Wang Shu-hua

Personal information
- Nationality: Taiwanese
- Born: 王 淑華, Pinyin: Wáng Shū-huá 21 March 1969 (age 57)

Sport
- Sport: Sprinting
- Event: 4 × 100 metres relay

Medal record
Women's athletics
Representing Chinese Taipei
Asian Championships
| Bronze medal – third place | 1987 Singapore | 100 m hurdles |
| Bronze medal – third place | 1987 Singapore | Heptathlon |
| Bronze medal – third place | 1991 Kuala Lumpur | Heptathlon |

= Wang Shu-hua =

Taiwanese sprinter

Wang Shu-hua (born 21 March 1969) is a Taiwanese sprinter. She competed in the women's 4 × 100 metres relay at the 1988 Summer Olympics.

Wang is from Mioli, Taiwan. She competed at the 1988 World Junior Championships in Athletics in Greater Sudbury, Canada.

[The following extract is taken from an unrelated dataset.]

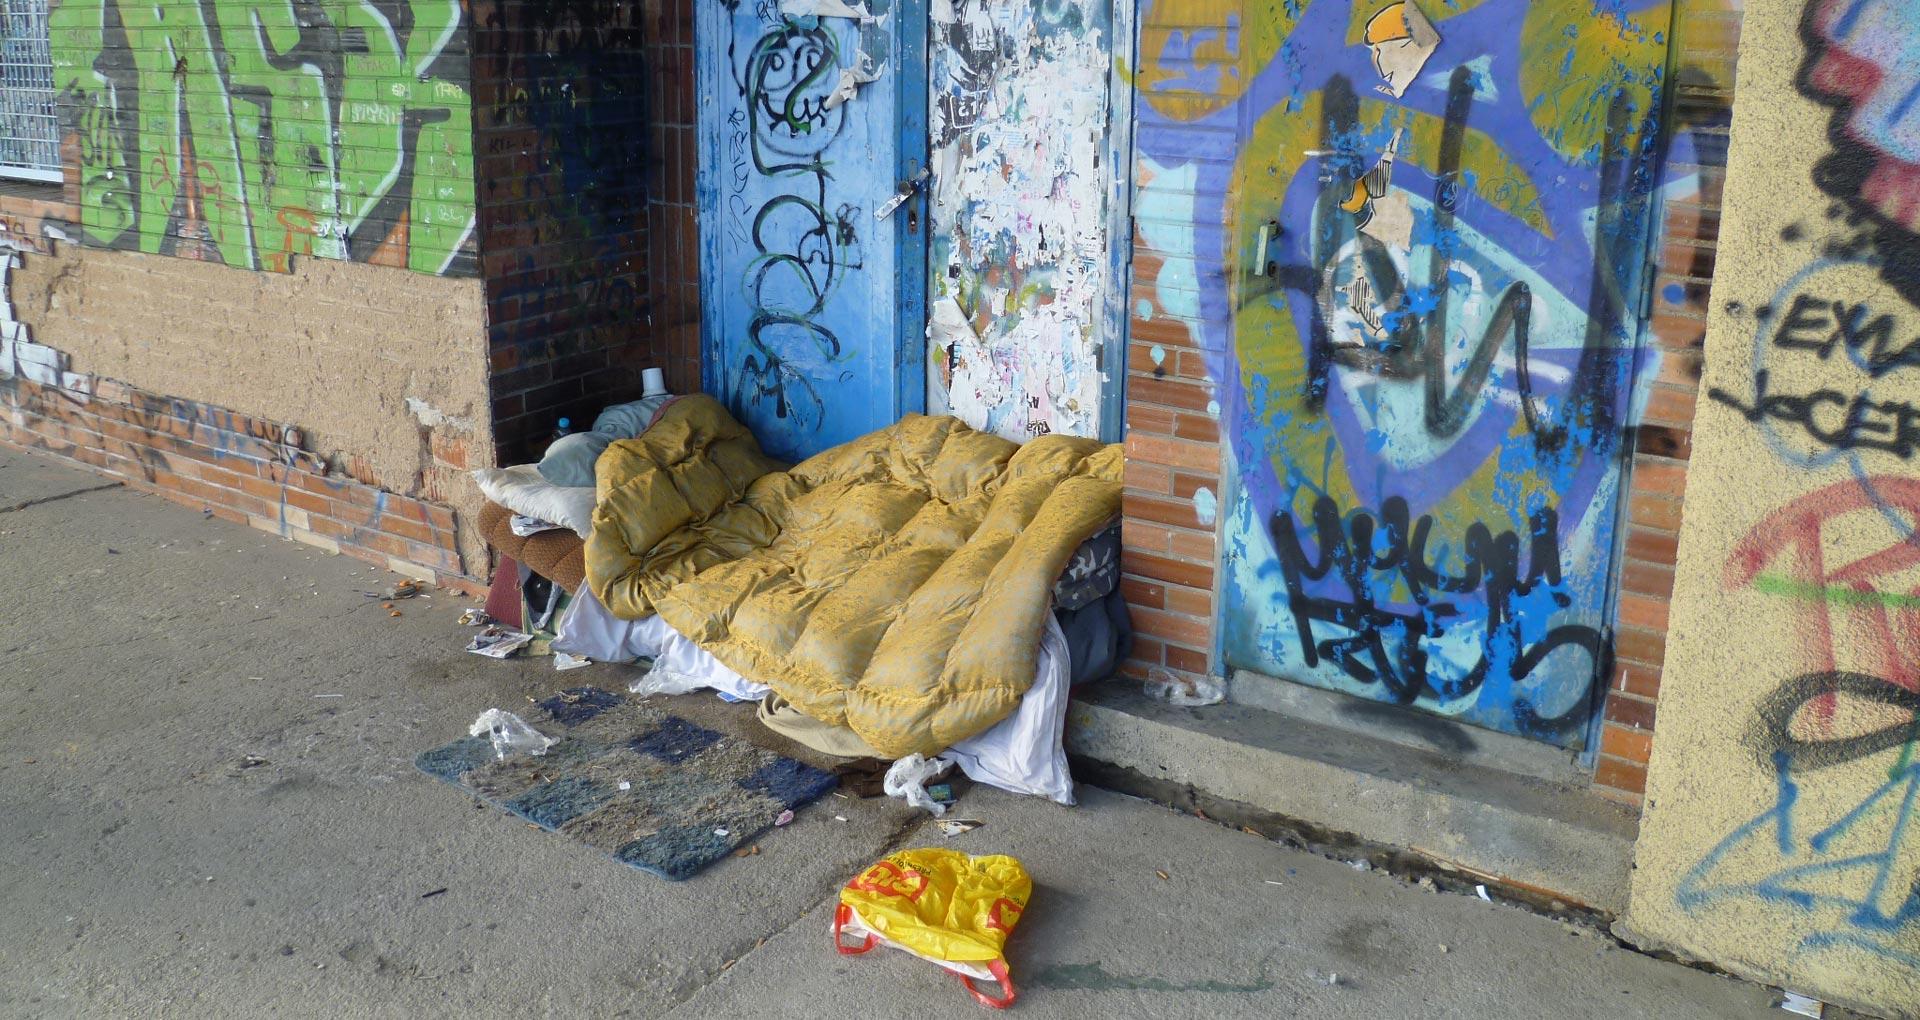 Fenomén bezdomovectví

She was an All-American jumper and sprinter for the BYU Cougars track and field team, finishing 5th in the long jump at the 1991 NCAA Division I Indoor Track and Field Championships and 1992 NCAA Division I Indoor Track and Field Championships.

She also competed in the women's heptathlon for BYU. Wang set a Taiwanese record in the long jump at the 1991 World University Games.